Once you look at the web As such a basic foundation. These seedlings were funded in the old-fashioned way by venture capitalists, but some of them were funded by tech companies and companies like his Nvidia, which was producing hardware that could allegedly build the future of AI. received significant investment from both.
The third stage of the cycle, euphoria, is the stage we are in now. The winds of caution are shifting, and ostensibly rational companies are betting huge sums of money on AI. OpenAI boss Sam Altman began by saying,
Raise $7 trillion from Middle East oil states For the big push to create AGI (artificial general intelligence). He also partnered with Microsoft to
stargate supercomputer. All of this seems to be based on articles of faith. So to create a superintelligent machine, all you need is (a) infinitely more data and (b) infinitely more computing power. And the strange thing is that at the moment the world seems to be taking these fantasies at face value.

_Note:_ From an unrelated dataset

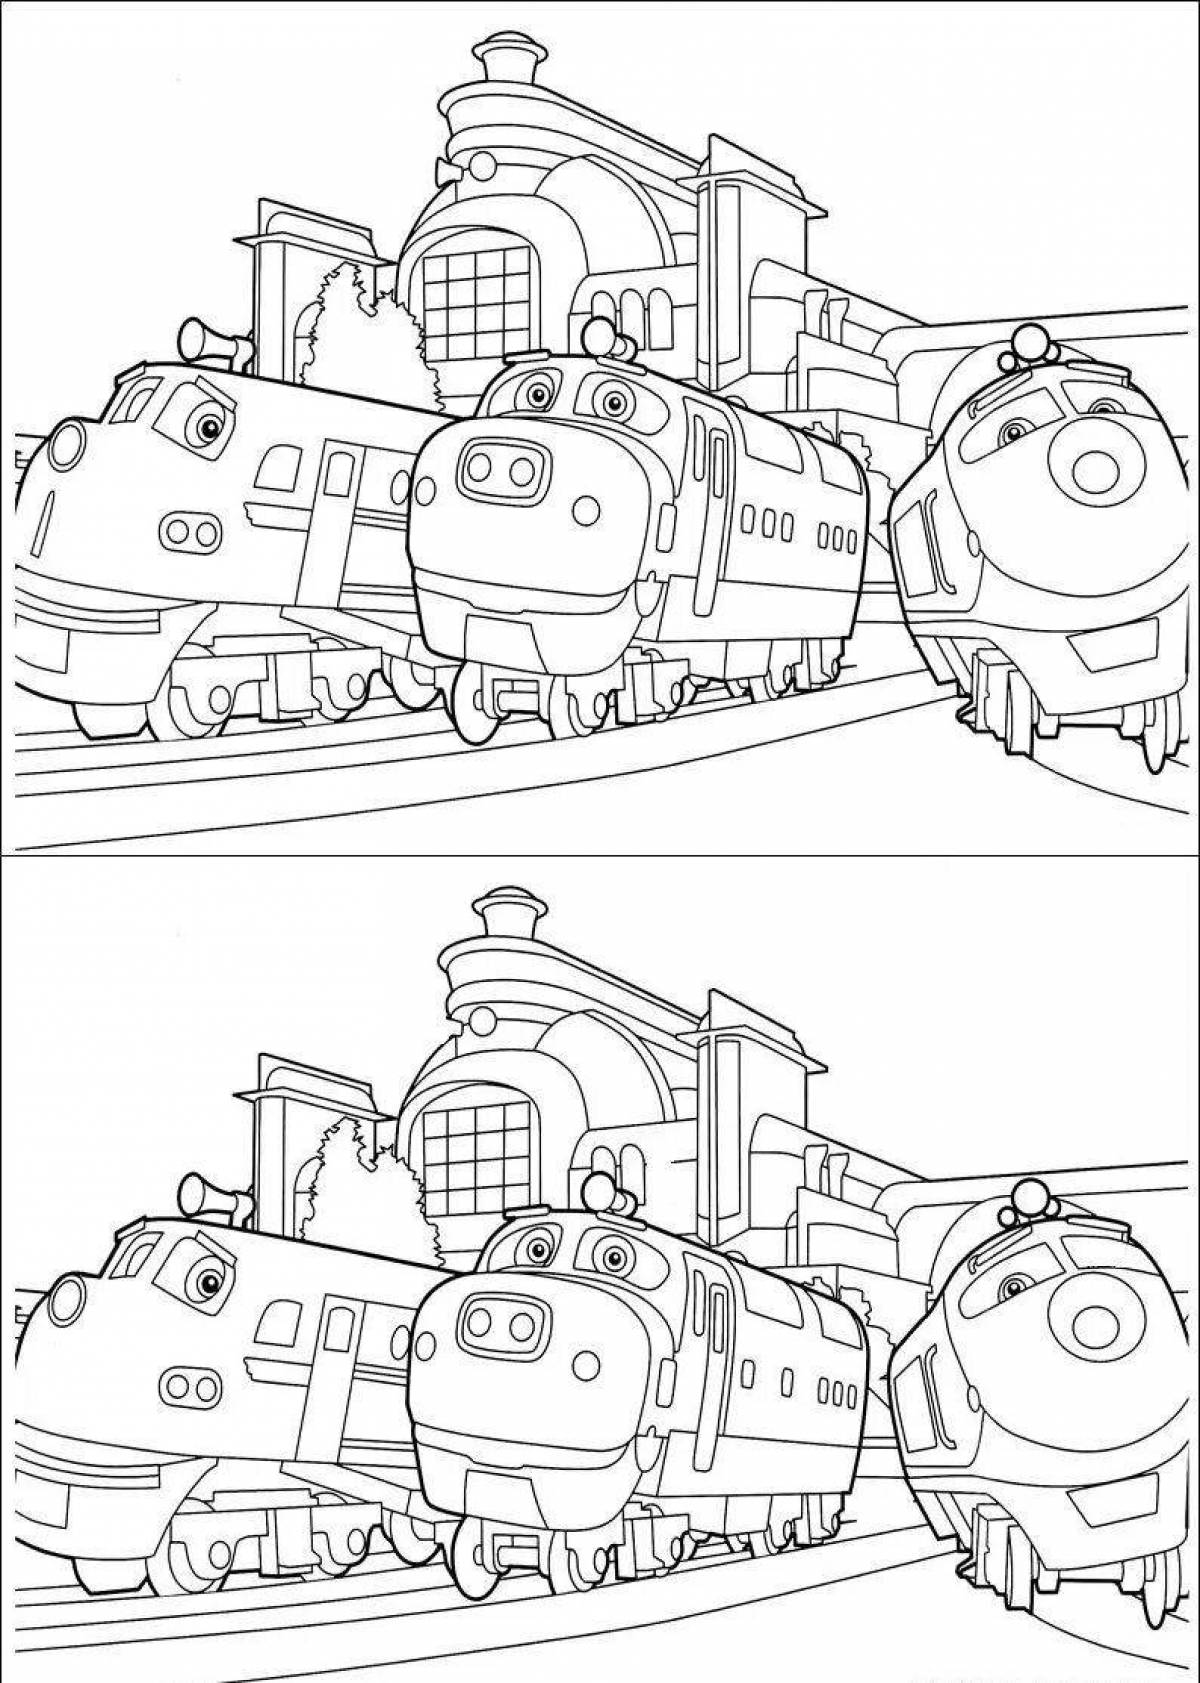 Nerving ghost train coloring page
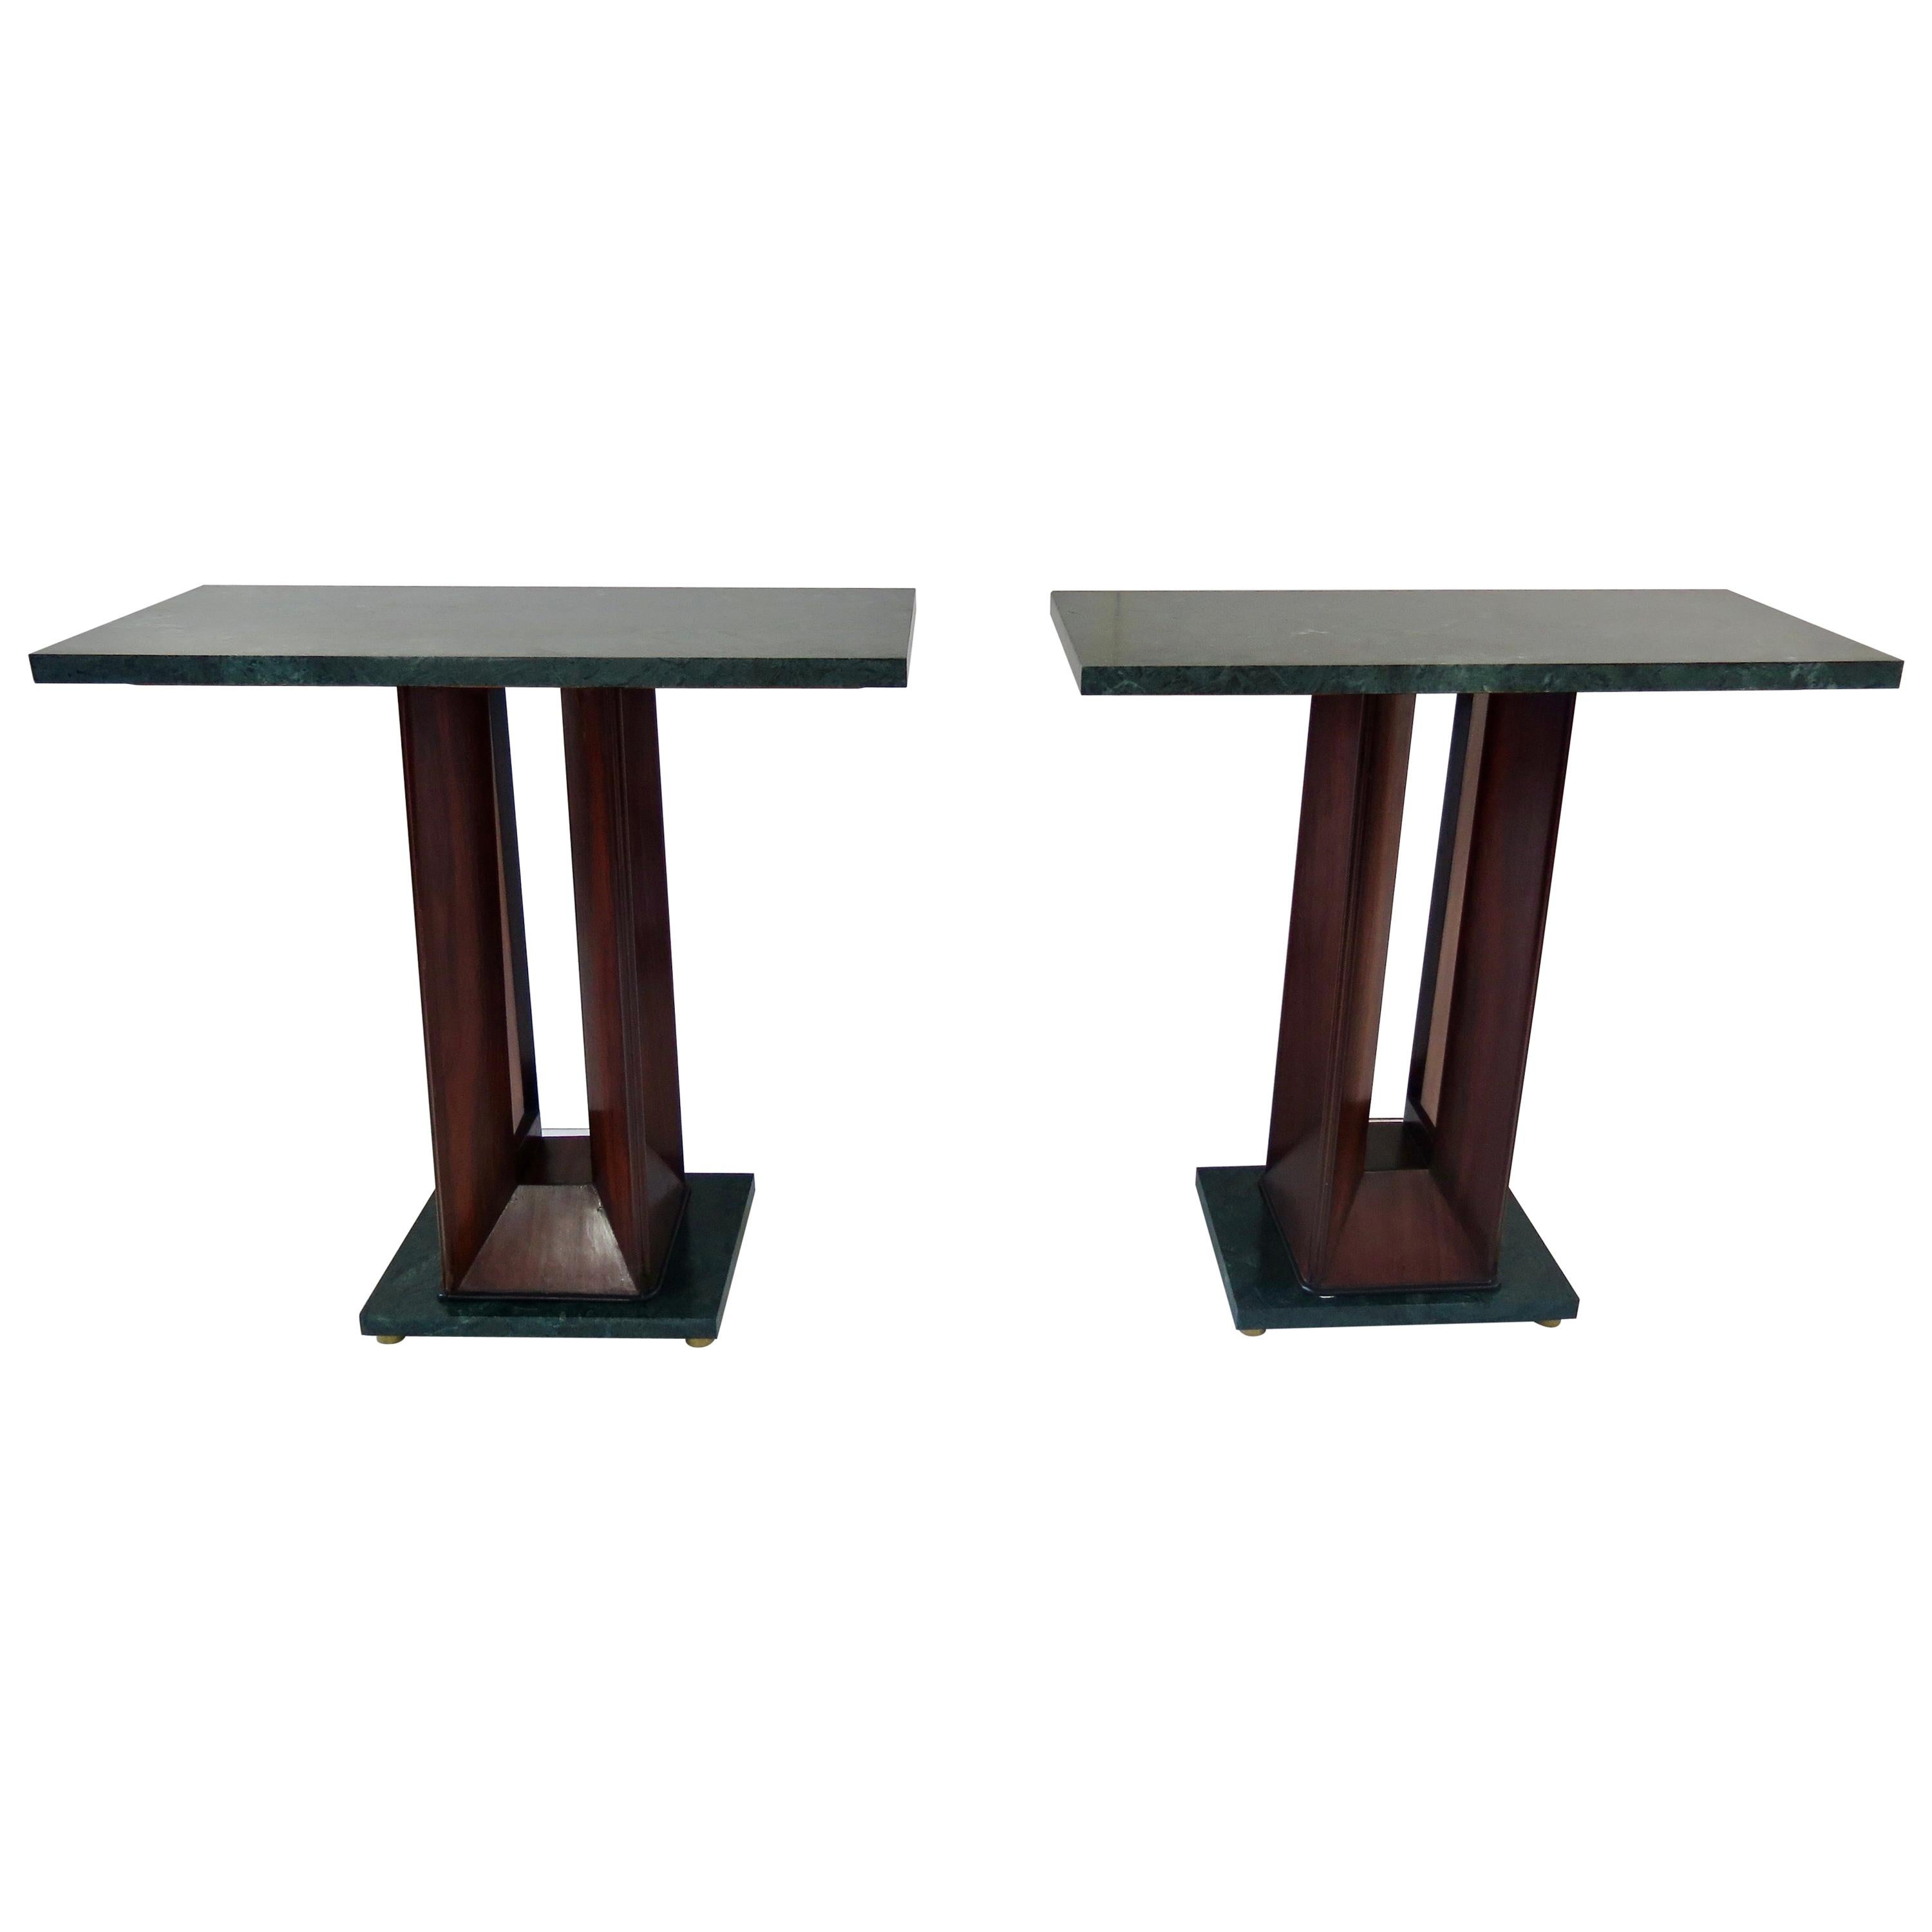 Pair of Dassi "verde alpi" Marble and Rosewood Console Tables, 1940 For Sale

This begins the fourth stage of the cycle: profit taking. At this point, an astute operator notices that the process is becoming unstable and initiates an escape before the bubble bursts. No one is actually making money from AI yet, except the companies that build the hardware, so maybe the people who own stock in Nvidia, Apple, Amazon, Meta, Microsoft, Alphabet (née Google). Other than that, there are very few benefits to be gained. It turns out that this generative AI is great at spending money, but not great at generating investment returns.
Stage 5 – Panic – awaits. At some stage the bubble gets punctured and a rapid downward curve begins as people scramble to get out while they can. In the case of AI, it is unclear what triggers this process. Governments may eventually grow tired of out-of-control giant corporations draining investors’ money. Or will shareholders come to the same conclusion? Or finally realizing that AI technology is causing an environmental disaster. Data centers cannot be spread all over the earth.
But it will burst someday. Nothing grows exponentially forever. So, back to the first question. Are we in an AI bubble? Is the Pope a Catholic?